Place Stravinsky in Paris is rammed with people, but there he is, cutting through the crowd to meet me. He immediately starts talking about my latest review, before we’ve even decided which café we’re going to hold the interview in. The former cellist of the Arod Quartet is travelling at speed. In 2021, just a few months after leaving the quartet, Samy Rachid won Second Prize at the Tokyo International Conducting Competition – and now he’s Assistant Conductor of the prestigious Boston Symphony Orchestra. But Rachid hasn’t let it go to his head. On a stopover in Paris this evening, he’s taking the chance to listen to a high-level amateur orchestra, of which he was briefly musical director. For now, he sits down, orders a crème brûlée with gusto and readies himself for my first question.
As it happens, I’ve known Rachid for a long time: when we were still students, we were in the same chamber music group during the 2012 summer session of the Orchestre Français des Jeunes. I remind him about our rehearsals and how he had very clear and precise ideas about Brahms’ String Quintet no. 2 in G major, Op.111, and how to interpret it. While he never said so at the time, was he already dreaming about becoming a conductor? He bursts out laughing: “Was I that much of a pain?”
He’s quickly serious again: “When I started in music, it was to become a conductor. But as my cello studies progressed, the instrument took over. After entering the Paris Conservatoire, I was considering joining the conducting class, but that’s when the adventure of the Arod Quartet began.” He changes tack. “I’m a great believer in destiny. So I told myself that my destiny was to play in a quartet, that I was playing a fabulous repertoire, that I was in my proper place.”
The Covid-19 pandemic was to change everything. “I realised that deep down, I didn’t want to be a cellist”. (The crème brûlée arrives.) “During autumn 2020, when musical activity was beginning to restart, I made my decision. I knew that if I left it any longer, it would be too late.” In January 2021, he left the quartet and started conducting classes, with the Tokyo Competition already in his sights, fully conscious of the risk he was taking. “I was very scared. I was really starting from scratch. It was a big gamble, the gamble of a lifetime.”
Rachid has honed his skills as a conductor with his mentor Mathieu Herzog, who himself exchanged the quartet player’s bow (in the Quatuor Ébène) for the conductor’s baton. “It was completely natural because I knew that he had already been through all this, the moments that were going to turn my life upside down. He’s an exceptional pedagogue, he knew me backwards, forwards and sideways. I knew that he could set me on the right path.”
But why risk an international competition on the other side of the planet when he hadn’t even stepped on a podium in front of an orchestra? “I needed to prove myself, to see how I was positioned in this competitive world of young conductors. I like a challenge and I’m attached to tradition – I felt it was important to go back to the paths of the past, the ones trodden by the great conductors of the last century, who went through the steps one after the other, distinguishing themselves at major competitions, passing the role of assistant conductor...”
So onto Tokyo. But before that, he set off for Prague and a masterclass that enabled him to kill two birds with one stone, to speed up his preparation and to create a video: the calling card which is a requirement to enter the Japanese competition. That was where he faced an orchestra for the first time. He shakes his head. “You can’t imagine the shock I went through. I was incapable of analysing where the sounds were coming from. I could see the strings, woodwind, brass, but my ears couldn’t do it, they weren’t trained for it. I was very bad that day.” At that point, Rachid was 27, with a quartet career behind him and a head full of question marks.

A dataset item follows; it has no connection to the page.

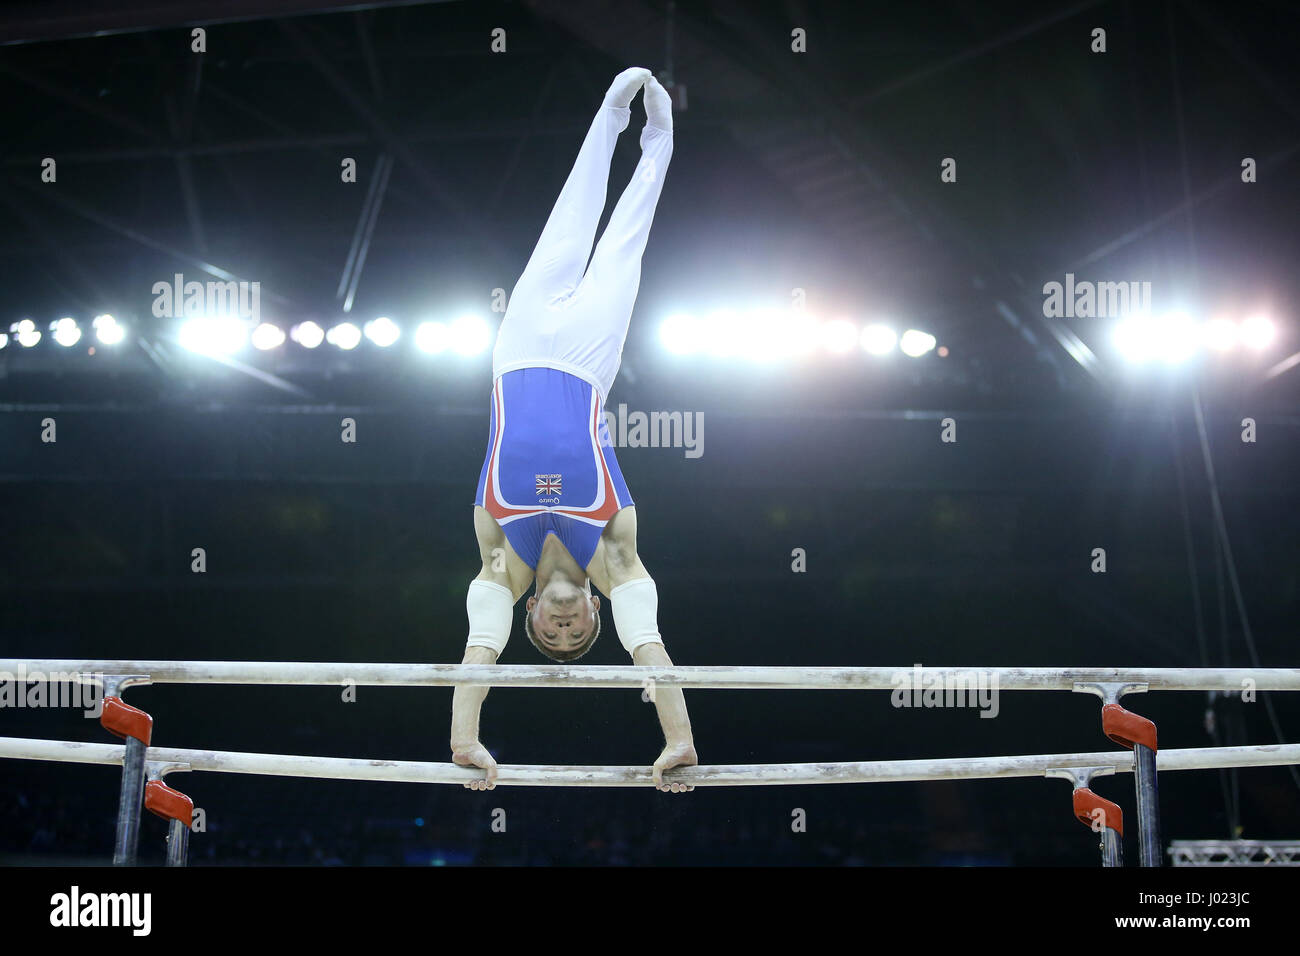 Der Brite Sam Oldham konkurriert am Barren während der World Cup Gymnastik in The O2, London. Stockfoto

Today, he shows himself to be capable of remarkable hindsight, frankly explaining the gap between what he imagined a conductor’s job to be and what it actually is. “As a quartet player, with me and my three colleagues being in charge of our interpretation, I imagined that everything would be broadly similar as a conductor, that I understood Beethoven’s music because I had played it with the quartet. But that’s not how it worked at all! I found myself staring at a blank page, having to abandon my preconceptions about composers and really trying to understand the scores in front of me, to understand the psychology of orchestras and orchestral musicians, because – unlike quartet colleagues – these are not people you spend your life with. I had to completely ditch my approach to music.”